GIVEN INFORMATION
• • • •
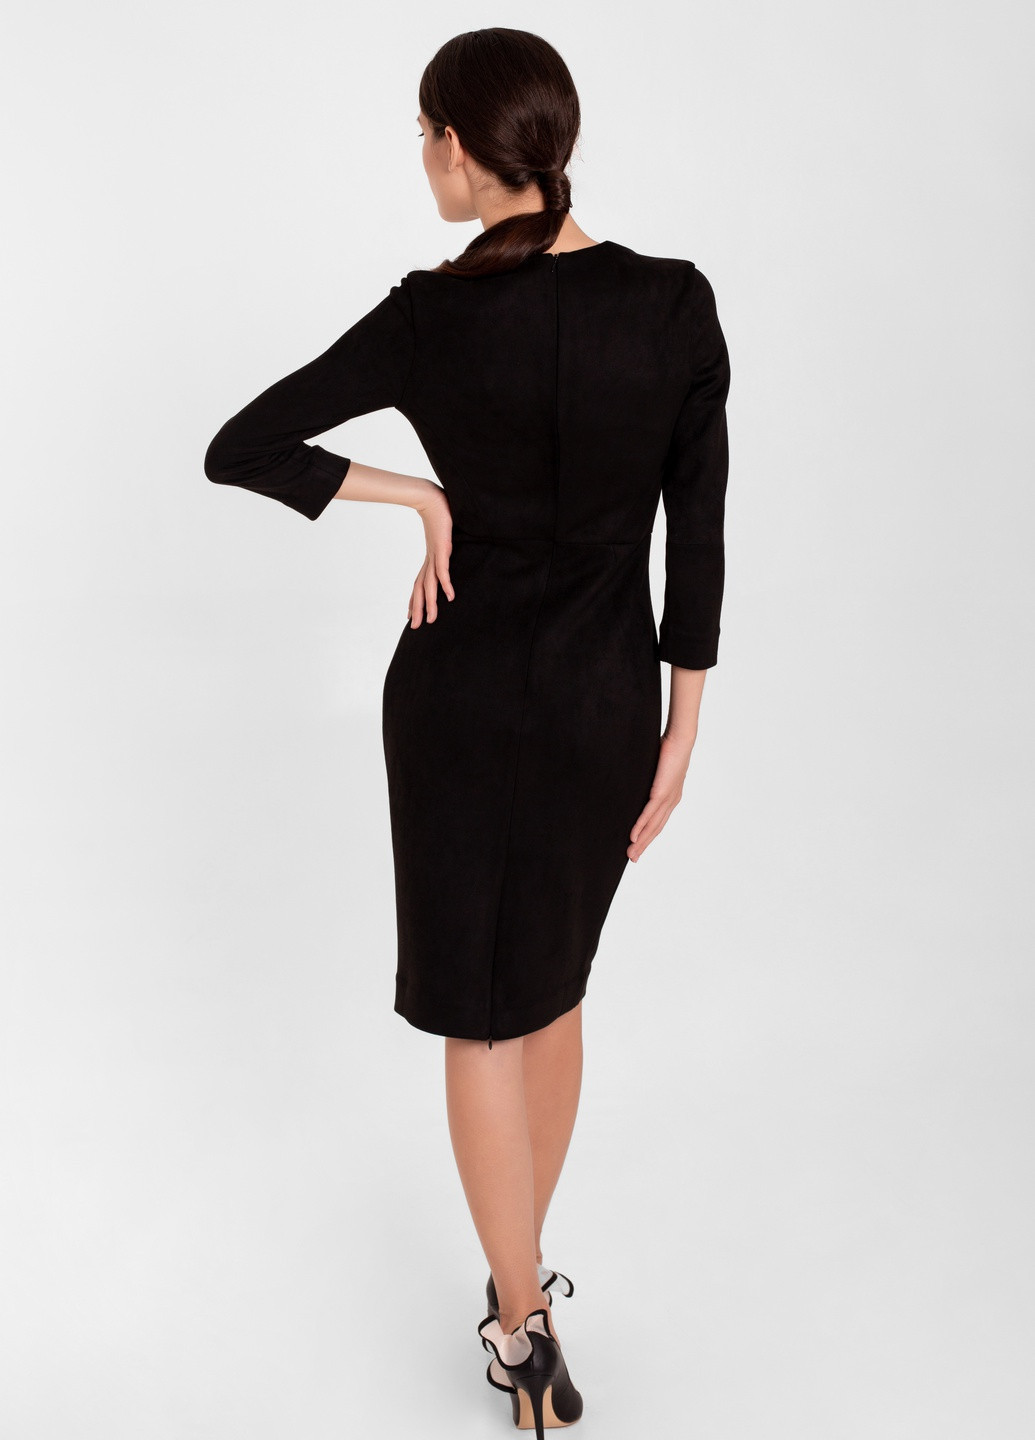 Черное деловое, коктейльное черное деловое платье из экозамши футляр Nai Lu-na by Anastasiia Ivanova однотонное
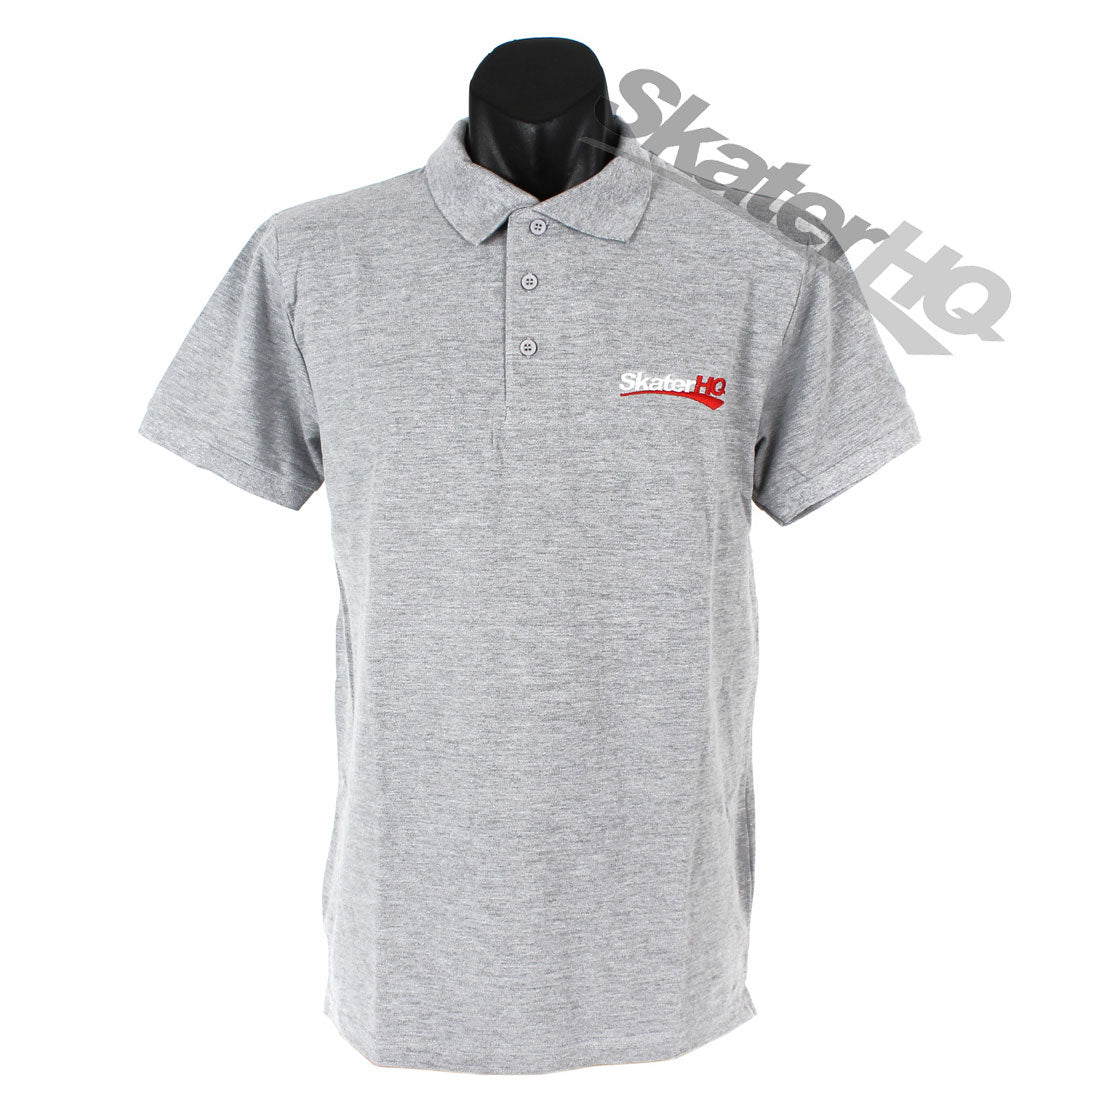 Skater HQ Adult Polo Shirt - Grey Marle Apparel Skater HQ Clothing
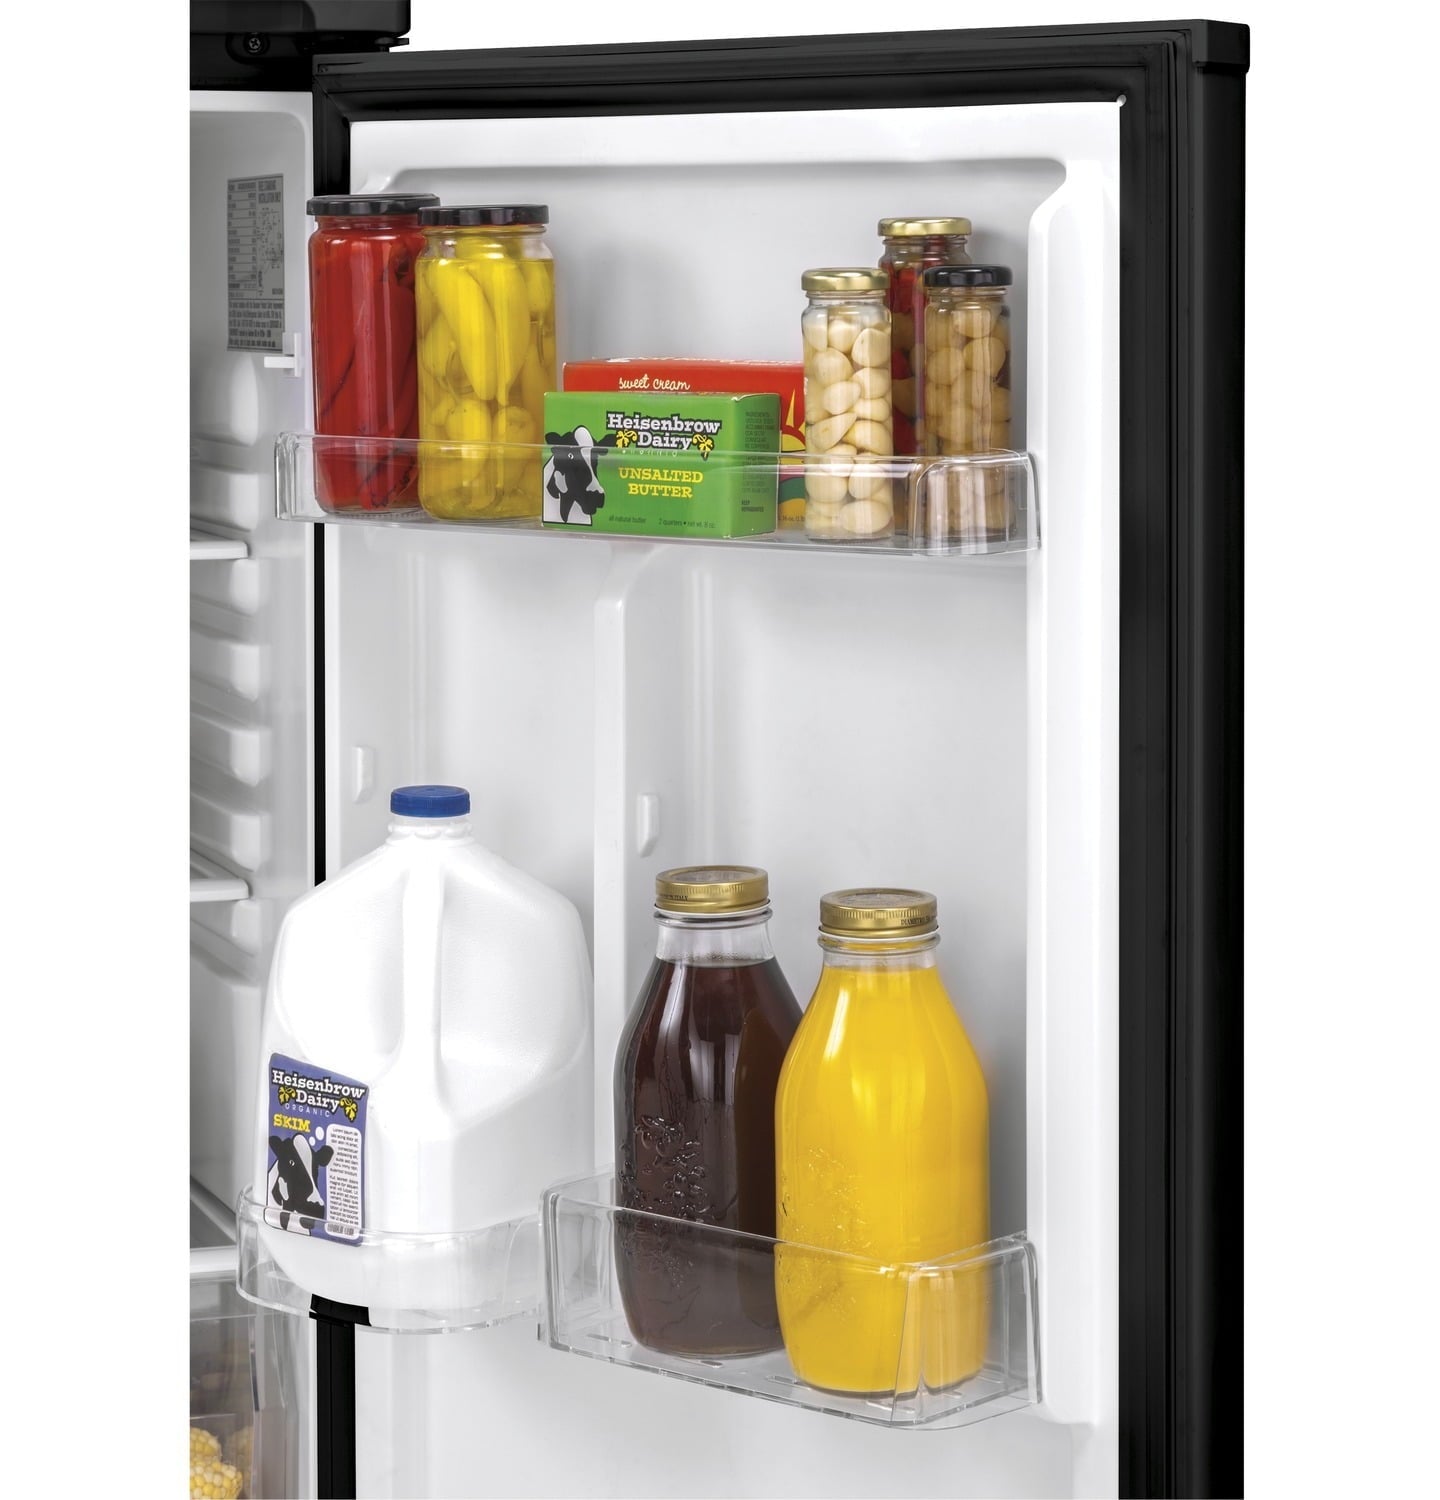 Haier HA10TG21SB 9.8 Cu. Ft. Top Freezer Refrigerator
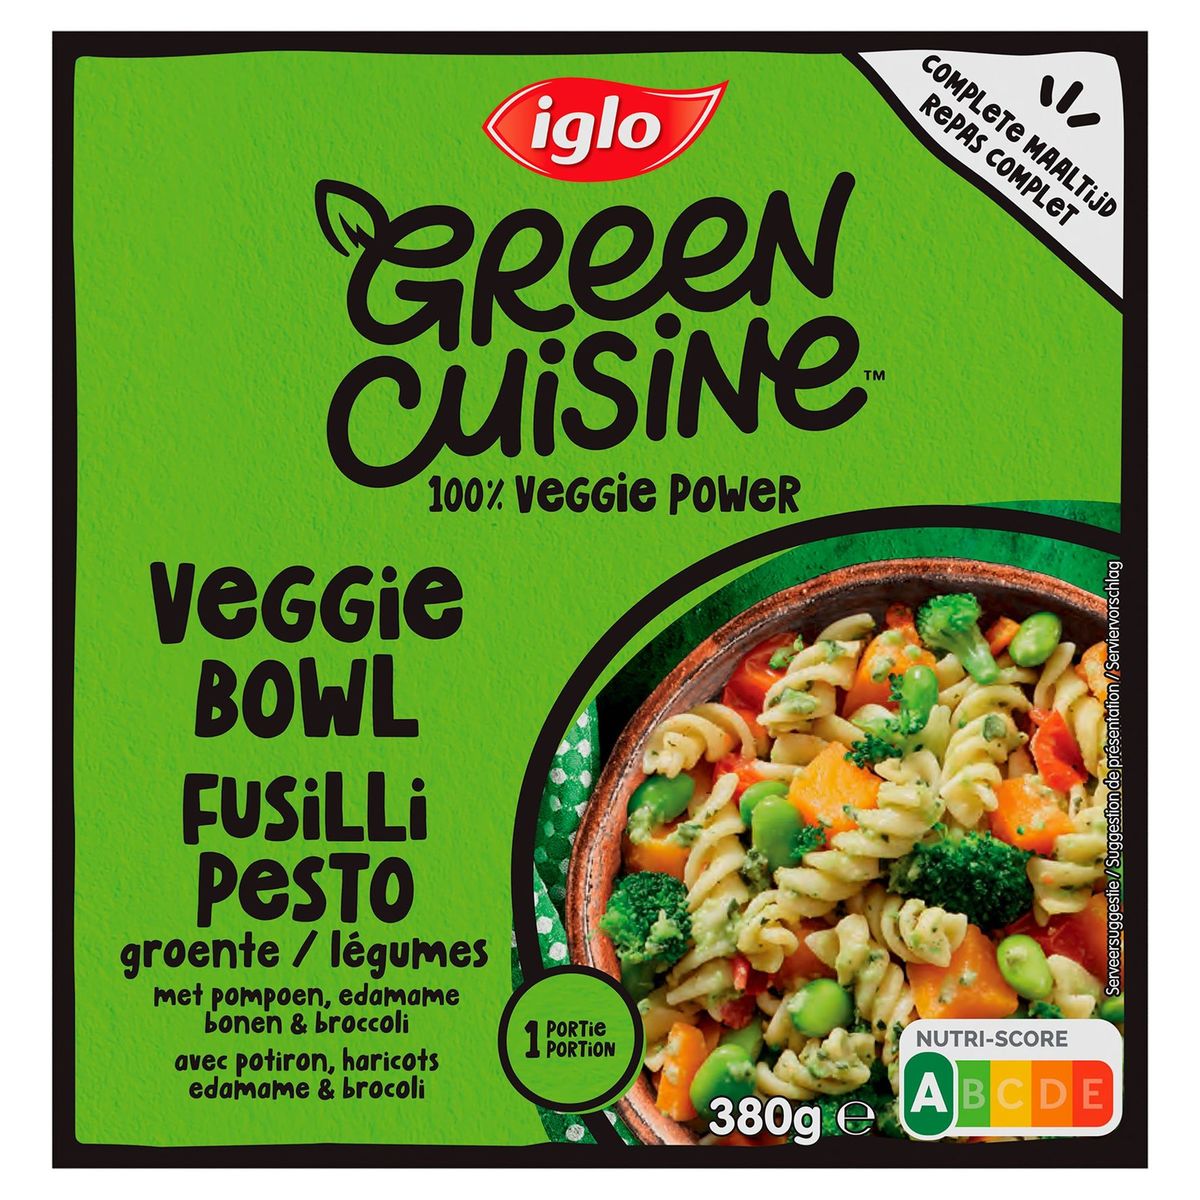 Iglo Green Cuisine Veggie Bowl Fusilli groente pesto 380 g
• • • •
TASK TO CARRY OUT
Without including any picture, set down the listing above exactly as it appears.

EXERCISE RESULT
 Черное деловое, коктейльное черное деловое платье из экозамши футляр Nai Lu-na by Anastasiia Ivanova однотонное
 Skater HQ Adult Polo Shirt - Grey Marle Apparel Skater HQ Clothing
 Haier HA10TG21SB 9.8 Cu. Ft. Top Freezer Refrigerator
 Iglo Green Cuisine Veggie Bowl Fusilli groente pesto 380 g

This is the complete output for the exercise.